Hello Denise, I think I am riding in the same car with you. I don't want my next statement to sound like vanity but for the most part, I have no great problem "catching". Yet, like you, my perspectives on bringing someone into my life is different these days. This may sound to some as "punkish" or "sappy" but I have to make sure that I am giving a women a good product. I've found that the more I get right, the better I can see wrong. I've told some women that I am under repair. By that I mean I am repairing my attitude and direction in life. I date, I mean, I entertain but coming through the door I tell them to not make their move to soon. Dating is a slippery slope. I am not a player nor do I wish to give false hopes to someone that may like me. I am just another man trying to be a better man. In a perfect world there would be a set of boundries on dating like; when to kiss, when to move to another level, how much time to spend in each others company? Do we see others while we are seeing each other? Do you want me to, do I want you do? Should I give you a gift and what does it mean? If I don't call in a specific time period what does that mean? Is it wrong to ask about your past? When do you introduce your friend to the children and what does that mean? Is one looking for love and a husband,and the other a companion that may grow into love? Is love necessarily? All the mess that imped friendships.

This list goes on and on. Some like the pizass of dating, whatever that is.

Its difficult being a women of any color, it's a mans world. But I think all of us agree that it starts at home ...the product we bring, and what we will settle for.

One last thing, I agree Ms. Butterfly, lonliness, boredom and love, can only be fixed at home.

I wish I could get an opposing view to it's "great being a black women". Sure, it's paramount to love thy self but there are real issue concerning being a black women in America.

Hey, yawl come back now ...I am loving yawl

A Free Spirit Butterfly said...

I love your statement, I'm just another man trying to be a better man! Love that you're honest and open to growing and discovering. Thanks for "sharing yourself with us" from a man's perspective.

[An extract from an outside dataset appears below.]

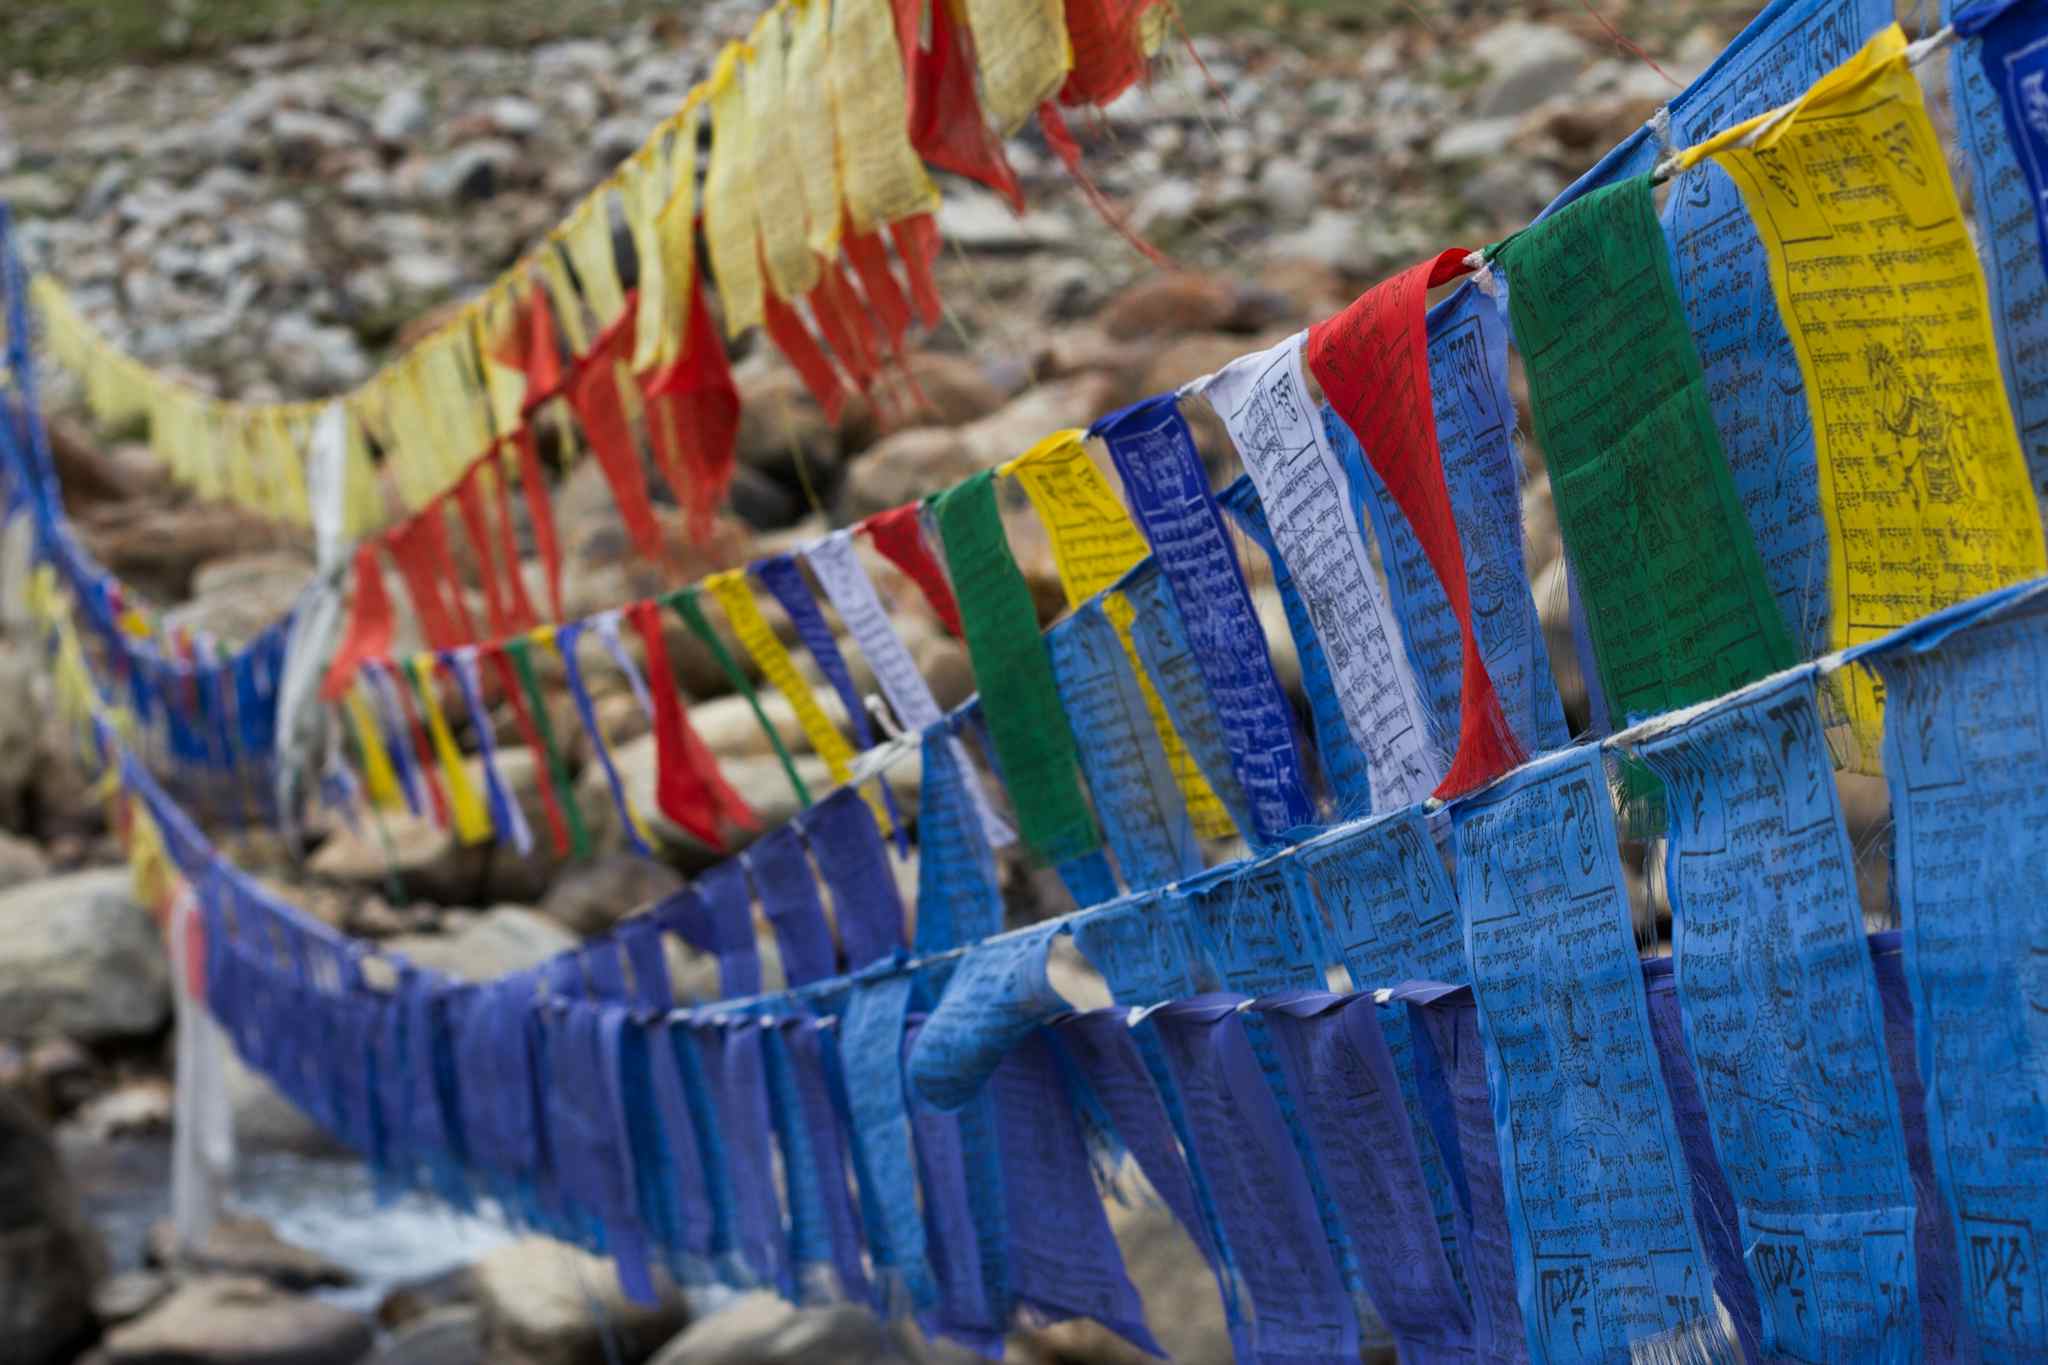 Prayer flags flying in Ladakh, India
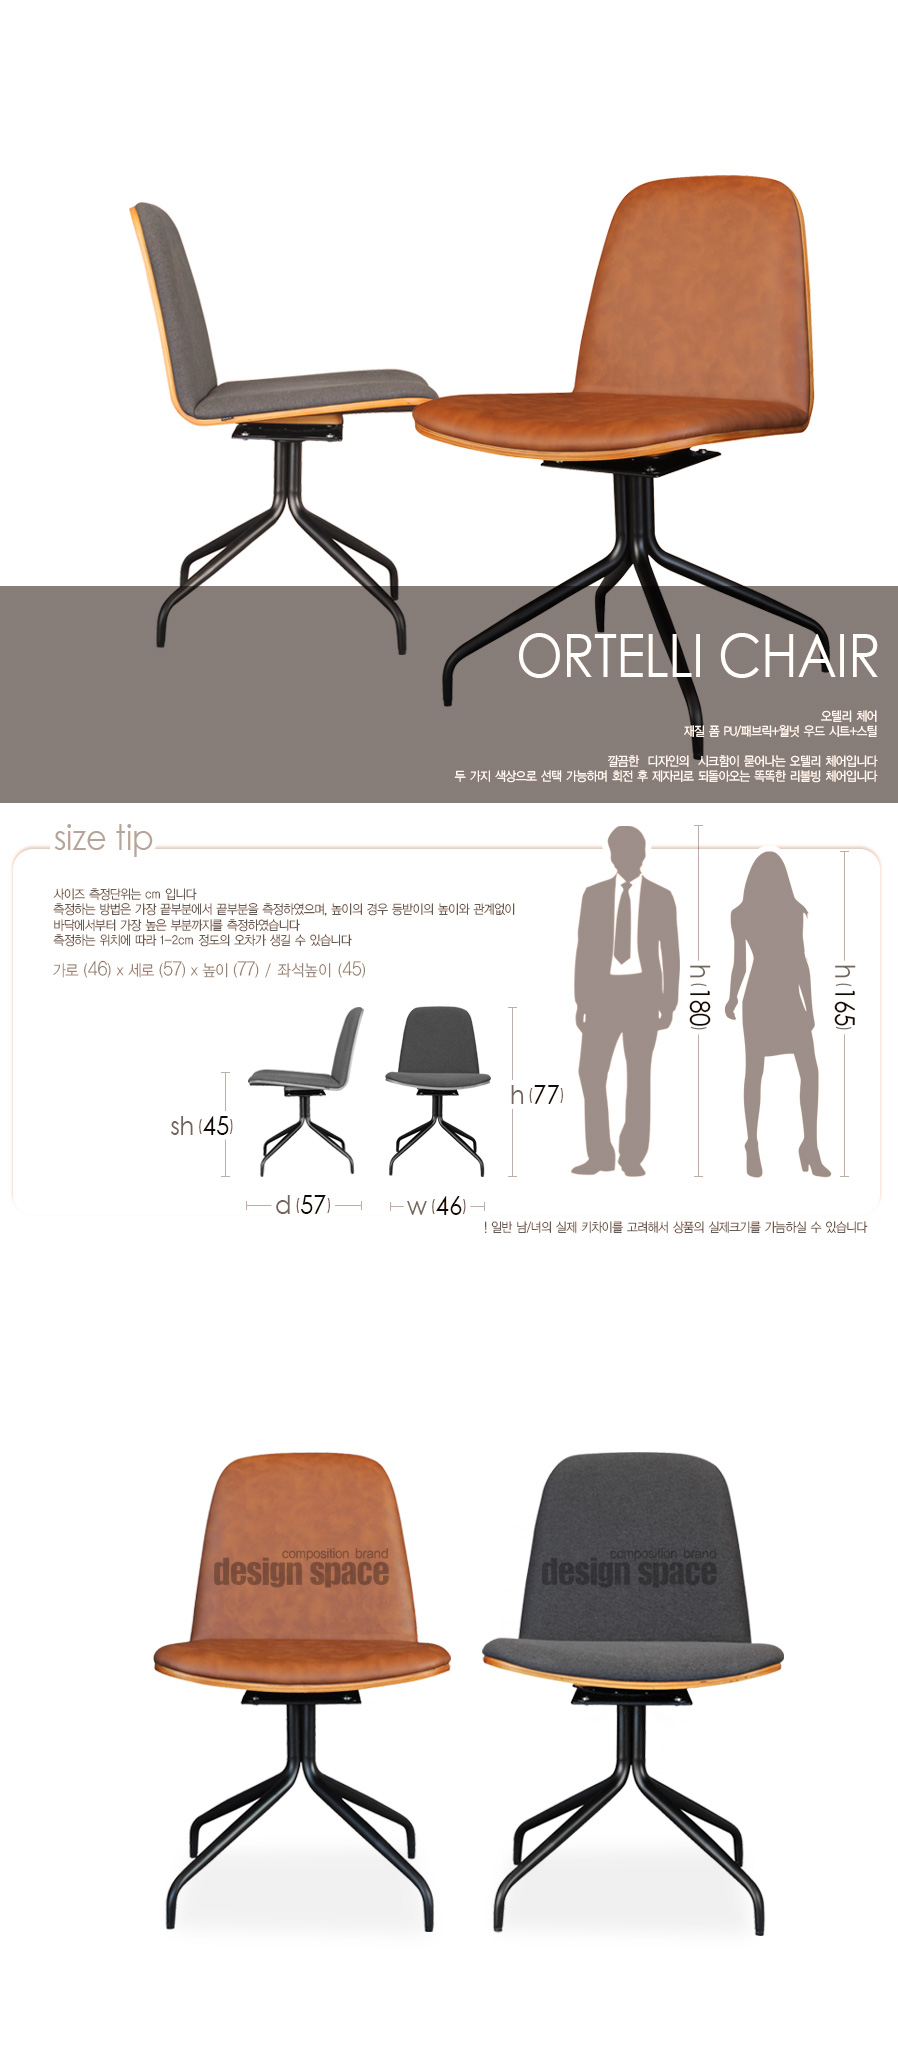 ortelli-chair_01.jpg

BTW - Please go back to calling me Ms. Butterfly, I still haven't forgiven my mother for naming me Denise (LOL)

Mizrepresent said...

I'm with everyone else. I love being a black woman. I love coming from a history of women who birthed such great men and women, who freed slaves, who stood up for themselves, who raised families and carved their way into history. I am a black woman who knows, who's experienced so many setbacks and yet still been able to rise, to live, to enlighten, to still believe. WE are here because God put us here to help, to nurture, to educate, to love, well past our medium, well past what others think. We are the fabric of this nation. Oh, how i wish for soneone to appreciate me for who i am...but i know that God knows whoiam...and so...i do what's required...you know I'm appreciated. :)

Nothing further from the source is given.